P75 self-evolution completion audit revisits the full objective after P71-P74
landed on main.

P75 objective restatement:

- The system must preserve raw evidence and runtime outcome evidence with
  provenance.
- The system must distill evidence into governed knowledge and cards through
  deterministic gates.
- The system must expose retrieval/context surfaces that agents can use without
  silently changing runtime defaults.
- The system must accept external research only through evidence-first and
  evidence-backed candidate insight paths.
- The system must record, review, and quality-gate runtime adoption feedback.
- The system must provide evaluator advice without granting lifecycle authority.
- The system must provide a policy-hardening path where stronger defaults require
  evidence, readiness checks, rollback criteria, and a new explicit spec.

P75 prompt-to-artifact checklist:

- Evidence substrate: P0-P13 raw drawer storage and citation-bearing search,
  P54 `runtime_adoption_events`, and schema v9 tests prove durable evidence and
  runtime outcome storage.
- Knowledge governance: P12-P28 typed `dao_tian` / `dao_ren` / `shu` / `qi`
  drawers, policy surfaces, distill, gate, promote/demote, and anchor
  publication remain covered by `tests/knowledge_lifecycle.rs`.
- Knowledge cards: P31-P45 card schema, core API, CLI, MCP, retrieval, backfill,
  and lifecycle surfaces remain covered by `tests/knowledge_card_*` and explicit
  card-aware context tests.
- Research bridge: P49/P59/P67/P68 ensure research output enters as evidence or
  evidence-backed candidate insight suggestions; P71 proves this path in
  `tests/phase3_self_evolution_replay.rs`.
- Self-evolution replay: P71 `tests/phase3_self_evolution_replay.rs` walks
  research -> evidence -> card promotion -> context -> checked adoption record.
- Adoption capture: P72 `mempal phase3 adoption capture` and
  `mempal_phase3 action=capture` map concrete `surface/outcome` observations
  into checked records without background instrumentation.
- Evaluator advice: P73 `mempal phase3 evaluator advise` and
  `mempal_phase3 action=evaluator_advise` return replayable advisory output with
  `lifecycle_authority=false` and `deterministic_gate_required=true`.
- Default hardening proposal: P74 `mempal phase3 default-proposal card-context`
  and `mempal_phase3 action=default_proposal` combine P66 readiness with
  rollback criteria while preserving `include_cards=false`.
- Protocol and inventory evidence: `src/core/protocol.rs`, `AGENTS.md`, and
  `CLAUDE.md` list the Phase-3 actions through
  `capture/evaluator_advise/default_proposal`.
- Mainline verification evidence: PRs #63, #64, #65, and #66 were merged to
  main with green `fmt`, `default`, and `rest` CI checks.
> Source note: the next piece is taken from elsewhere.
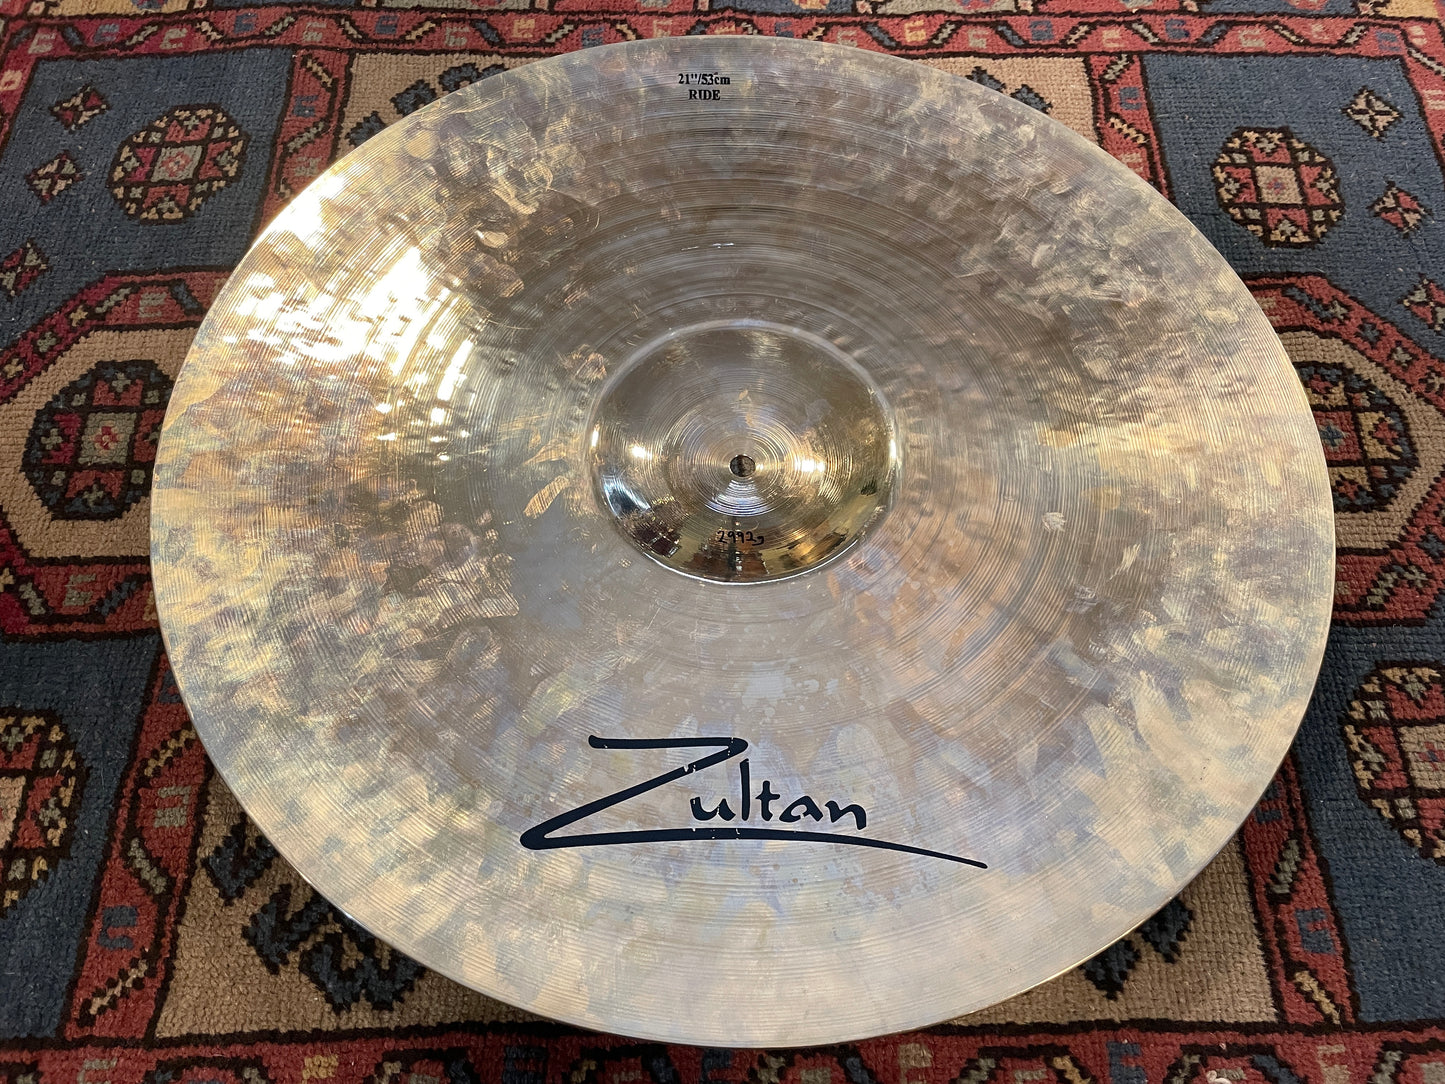 21" Zultan Q Series Ride Cymbal 2992g *Video Demo*

P75 conclusion: not complete.

The governed self-evolution substrate is now substantially complete: evidence,
knowledge governance, cards, research ingestion, runtime adoption feedback,
replay, capture helpers, evaluator advice, and default-on proposal artifacts are
implemented and tested. However, the full "complete self-evolving agent system"
objective still has uncovered requirements if interpreted as autonomous runtime
self-evolution.

Remaining gaps after P75:

- no automatic live tool instrumentation: adoption capture still requires
  explicit CLI/MCP calls rather than wrapping actual agent tool execution
- no actual default-on runtime change: `include_cards` remains opt-in by design,
  and P74 only creates a proposal artifact
- no rollback executor: rollback criteria are recorded in proposals but are not
  executable runtime policy
- no autonomous promotion authority: lifecycle mutation still requires
  deterministic gates, evidence refs, and human/reviewer boundaries
- no card embedding implementation: P57/P47 keep card-level embeddings behind
  measured miss evidence and future rollback requirements

P76 spec completeness invariant records the process rule that every numbered P
must leave both a task contract and a matching plan. This includes
documentation-only, audit-only, policy-only, and code implementation work. The
rule exists because the P-series is no longer just a task list; it is the
auditable decision trail for the mind-model implementation. Every P must leave
a spec before it can be considered complete. A future spec-less P or missing
spec is explicitly incomplete and must be fixed before implementation or merge.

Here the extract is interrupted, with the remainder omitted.